Raven Tor. A crag that has become famous beyond its own measure. Sometimes though history is worth as much as quality, and sometimes it even adds quality. This is a crag that was undoubtedly base camp for the sport stars in the eighties and early nineties, the UK’s forcing ground for the hardest routes. Ron Fawcett on Sardine in 1981, Jerry Moffatt with Revelations in 1984 (one of the world's hardest at the time), followed by Antoine Le Menestrel's famous solo of Revelations a year later, Martin Atkinson and his Mecca - The Mid-life Crisis in 1988 (at 8b+ yet another one of the world's hardest, completed the day before he emigrated), Ben Moon's Hubble (the world's first 8c+ in 1990) , and finally Moffat on Evolution in 1995 – which in many respects marked the end of the sport boom in the UK.

Some love it, some hate it, but none find Raven Tor easy. With 7b being about the easiest way up, this is certainly not a beginners crag! The saying goes that if you can climb hard here you can climb hard anywhere... Routes are extremely technical, extremely fingery and extremely intense. They are not ploddy stamina routes with good shake-outs.

Although visually some may feel Raven Tor to be mediocre when compared to many world class crags, the scale should be looked past and the quality of the routes absorbed. As an example, Hubble, at only around 8 hard moves long and one of the shortest on the cliff, is one of the best routes I have ever climbed! Most that become absorbed become obsessed: short, intense sequences occupying any free mind space and drawing back the addicted over and over, often for a lifetime. There is enough here even for that, and whole careers have been spent at the Tor, for some, even on one route! But the cliff has much more to offer: contrasting the shorter bouldery routes there are much longer affairs up to 30 metres in length. But even these are hardly plods, more like battles; with complex sections interspersed with arm sapping rests. Even the boulderer will be happy, with very short hard problems both steep and vertical, as well as endurance nightmares over 100 moves long.

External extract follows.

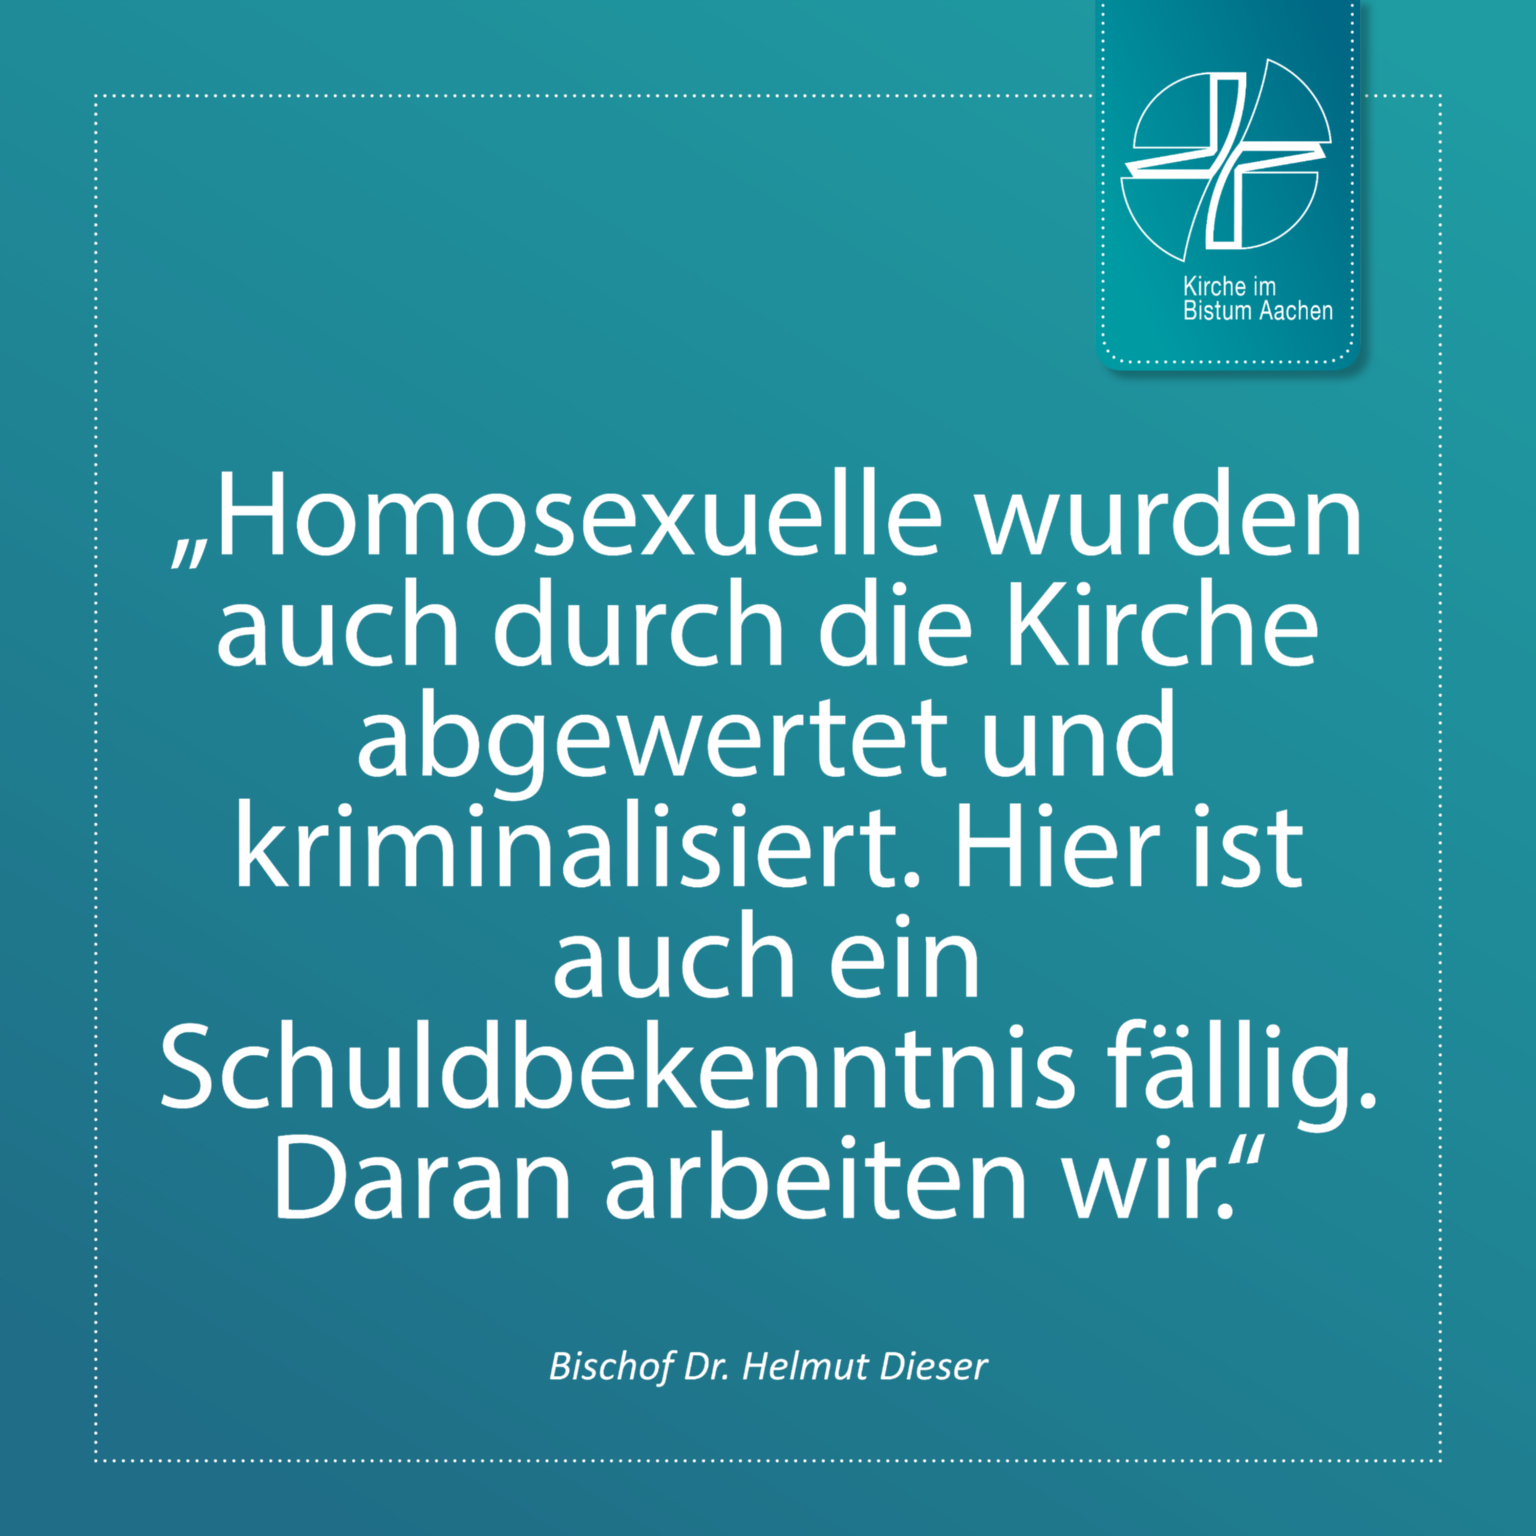 Bischof Dr. Helmut Dieser - Zitat 11 (c) Bistum Aachen

The short-climber's card can’t be played here, the rock is too featured, with many edges and opportunities, though rarely very big! It leads to a unique style, a technician's delight. Power is not enough, but a large bag of it is essential! You’ll want good conditions for those tiny crimps, spring and particularly autumn are perfect when the mornings are cool and the air is clear. Should it rain the crag is so steep it won’t get wet and you won’t even need an umbrella to get to the crag from the car. It only takes 20 seconds!